Haven't reviewed all the edits, but what I see looks good. I do note a couple of instances where the bot ended up fixing redirects broken due to vandalism; I'm not offhand sure what, if anything, could or should be done about that, other than maybe adding a separate delay (besides the existing 5 minute delay after any edit) to make the bot not edit any page within less than 24(?) hours after the (latest) edit that actually broke the refs. —Ilmari Karonen (talk) 17:52, 31 August 2008 (UTC)[reply]
That's not a bad idea, but then of course it won't fix new legitimate breakages for that same period of time. What is the normal turnaround time for recent changes vandal patrollers fixing something like that? Anomie 19:03, 31 August 2008 (UTC)[reply]

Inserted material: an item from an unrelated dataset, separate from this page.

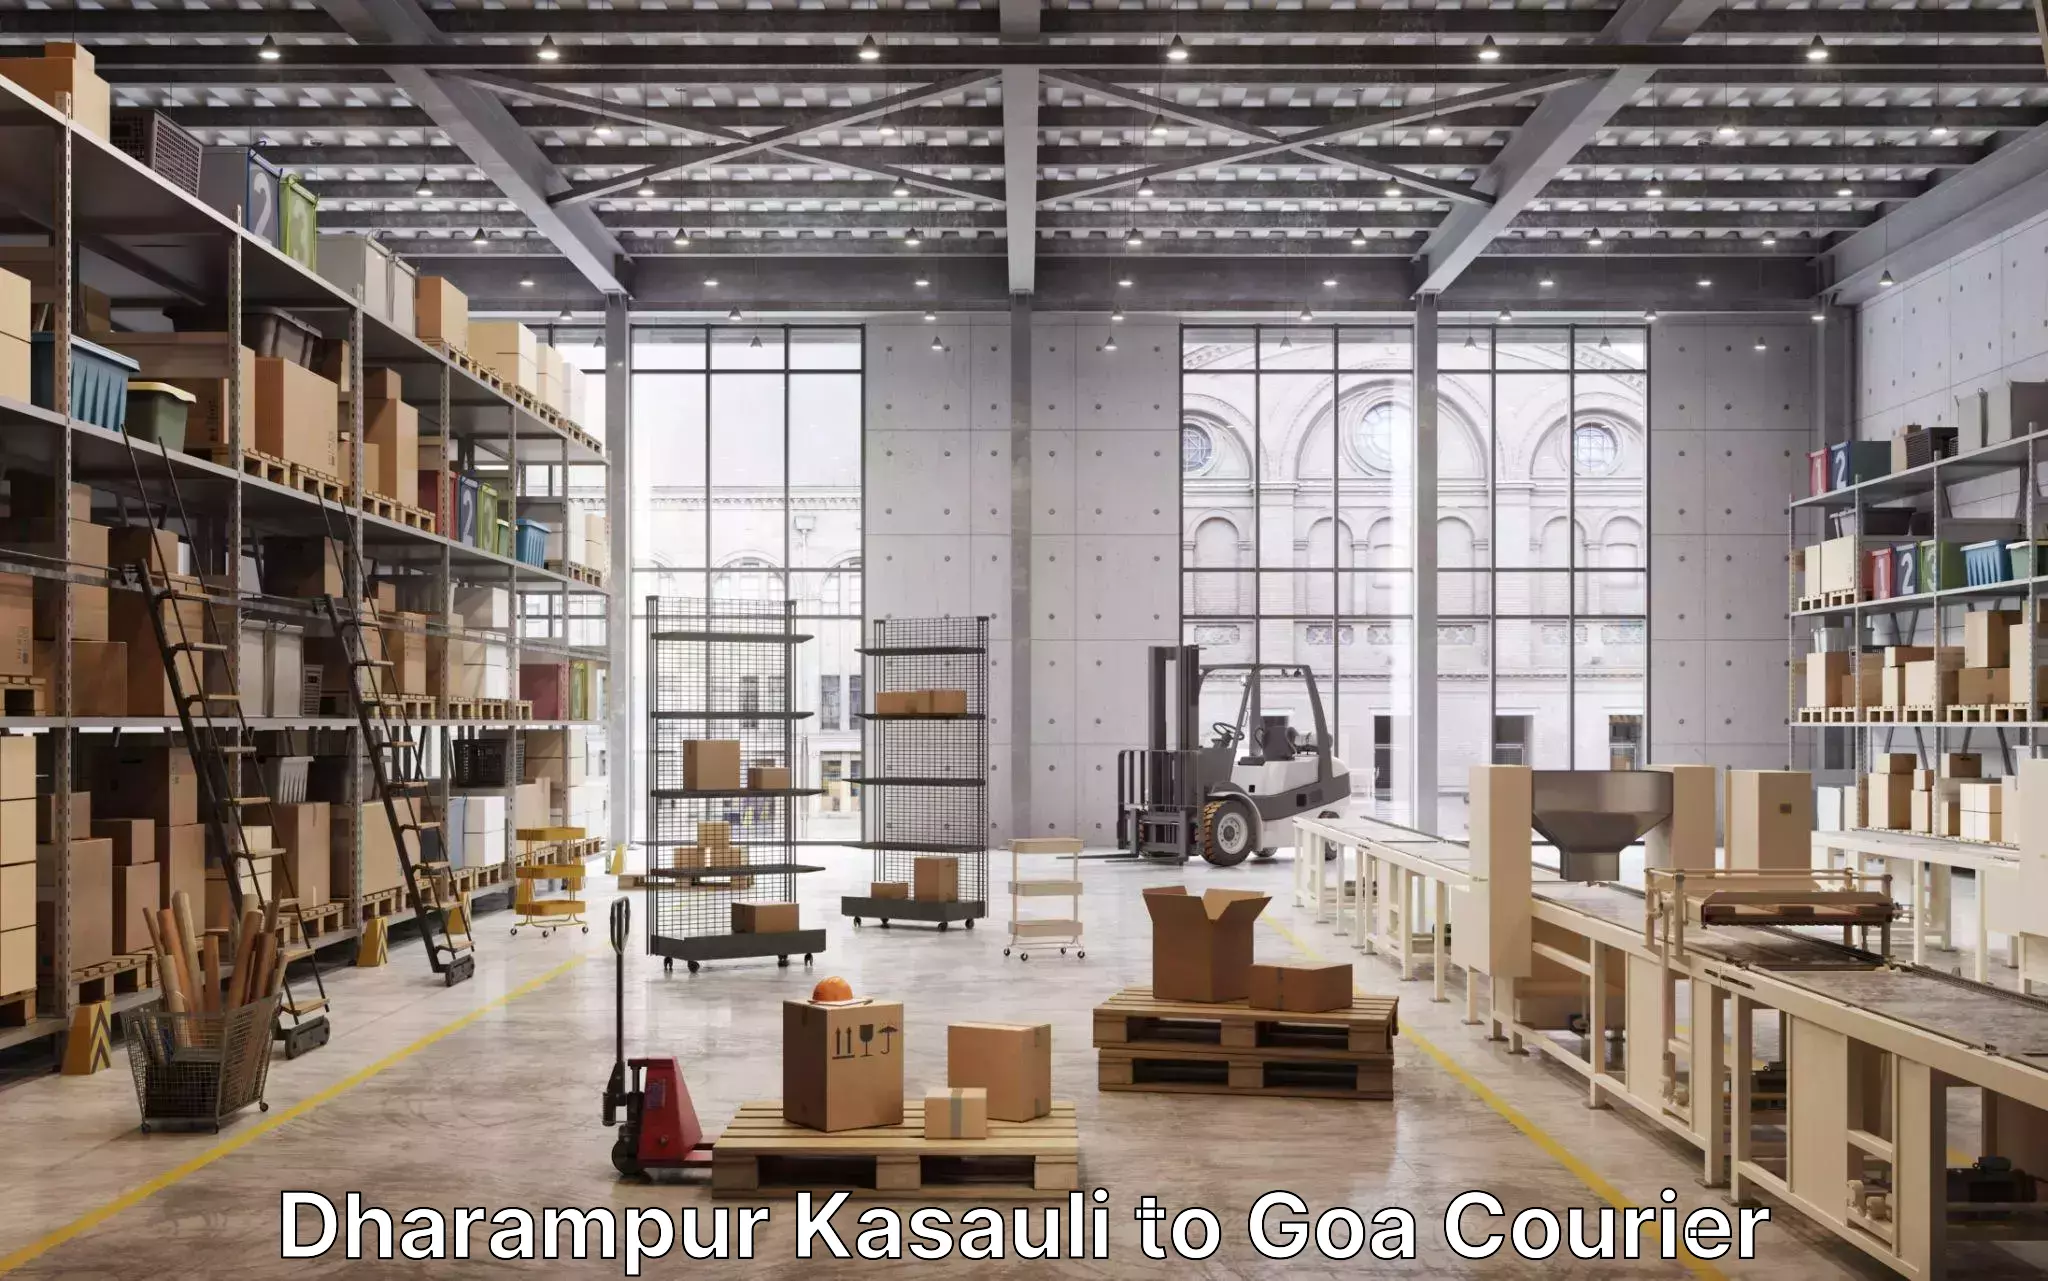 Furniture moving experts Dharampur Kasauli to Panaji

Hard to say, but I'd guess it varies a lot. Most simple page-blanking vandalism is caught and reverted in minutes if not seconds by bots and human RC patrollers. The rest is likely to linger until someone spots it on their watchlist (hours to days), or, in the worst case, just happens to stumble across that page and notices something funny (weeks to years). So it all boils down to just picking a cutoff to minimize the risks in either direction; I suggested 24 hours since I'd guess that'd probably be enough for most well-watched pages, but certainly one could argue for changing it either way.

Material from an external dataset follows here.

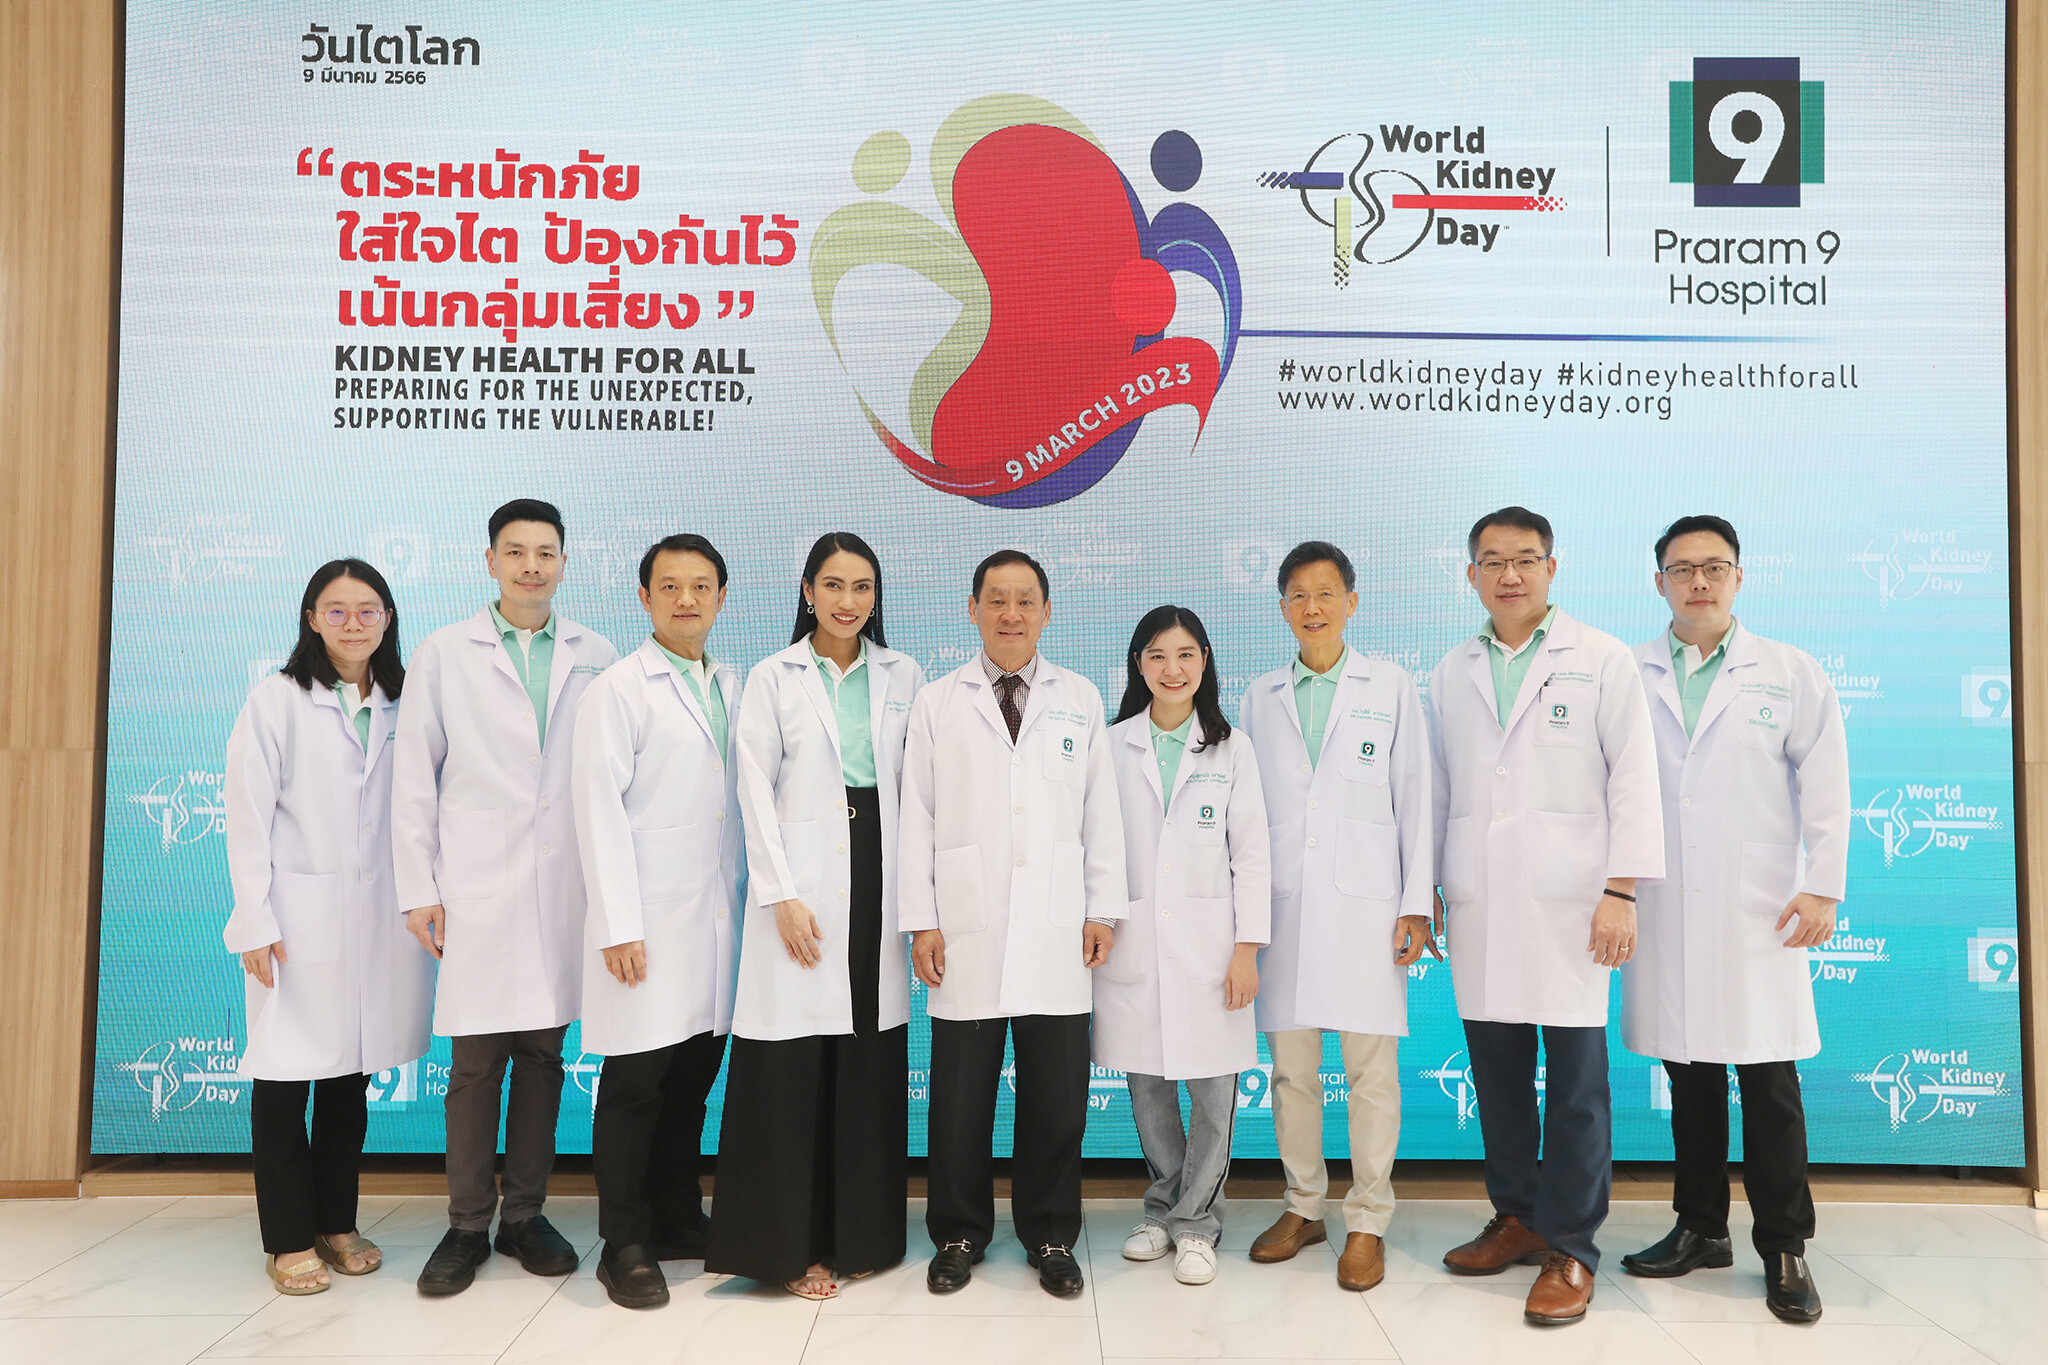 โรงพยาบาลพระรามเก้า ยกทีมแพทย์ จัดงาน "วันไตโลก(World Kidney Day 2023)" ตระหนักภัย ใส่ใจไต ป้องกันไว้ เน้นกลุ่มเสี่ยง

I do know that some interwiki bots tend to be a bit too hasty with this, not unfrequently "fixing" partially blanked articles by restoring the IW links. Even here I have no statistics, just some personal experience that has led me to double-check any bot edits on my watchlist that claim to add more than one new interwiki link. —Ilmari Karonen (talk) 19:43, 31 August 2008 (UTC)[reply]
I also check all edits on my watchlist, bot or not, just in case some vandalism was hidden by a later bot edit. Anyway, I added the necessary code to check this once the proper timeframe is determined. Anomie 19:46, 31 August 2008 (UTC)[reply]
Looks good, except... if I'm reading the code right, shouldn't it really be checking the timestamp of the revision after the one in which the ref was found? —Ilmari Karonen (talk) 19:54, 31 August 2008 (UTC)[reply]
D'oh. Yes, you're right. I neglected to take into account the possibility that edits can have long gaps between them. Thanks! New code is uploading now, check in a minute or two. Anomie 20:13, 31 August 2008 (UTC)[reply]

I'd say five minutes, ClueBot triggers within 10 seconds, Hugglers within a minute usually. BJTalk 12:26, 1 September 2008 (UTC)[reply]

Sounds good, that's what I already have it set at. Unless anyone has other comments, I'm just awaiting the final approval (or rejection). Anomie 16:46, 1 September 2008 (UTC)[reply]


The above discussion is preserved as an archive of the debate. Please do not modify it. Subsequent comments should be made in a new section.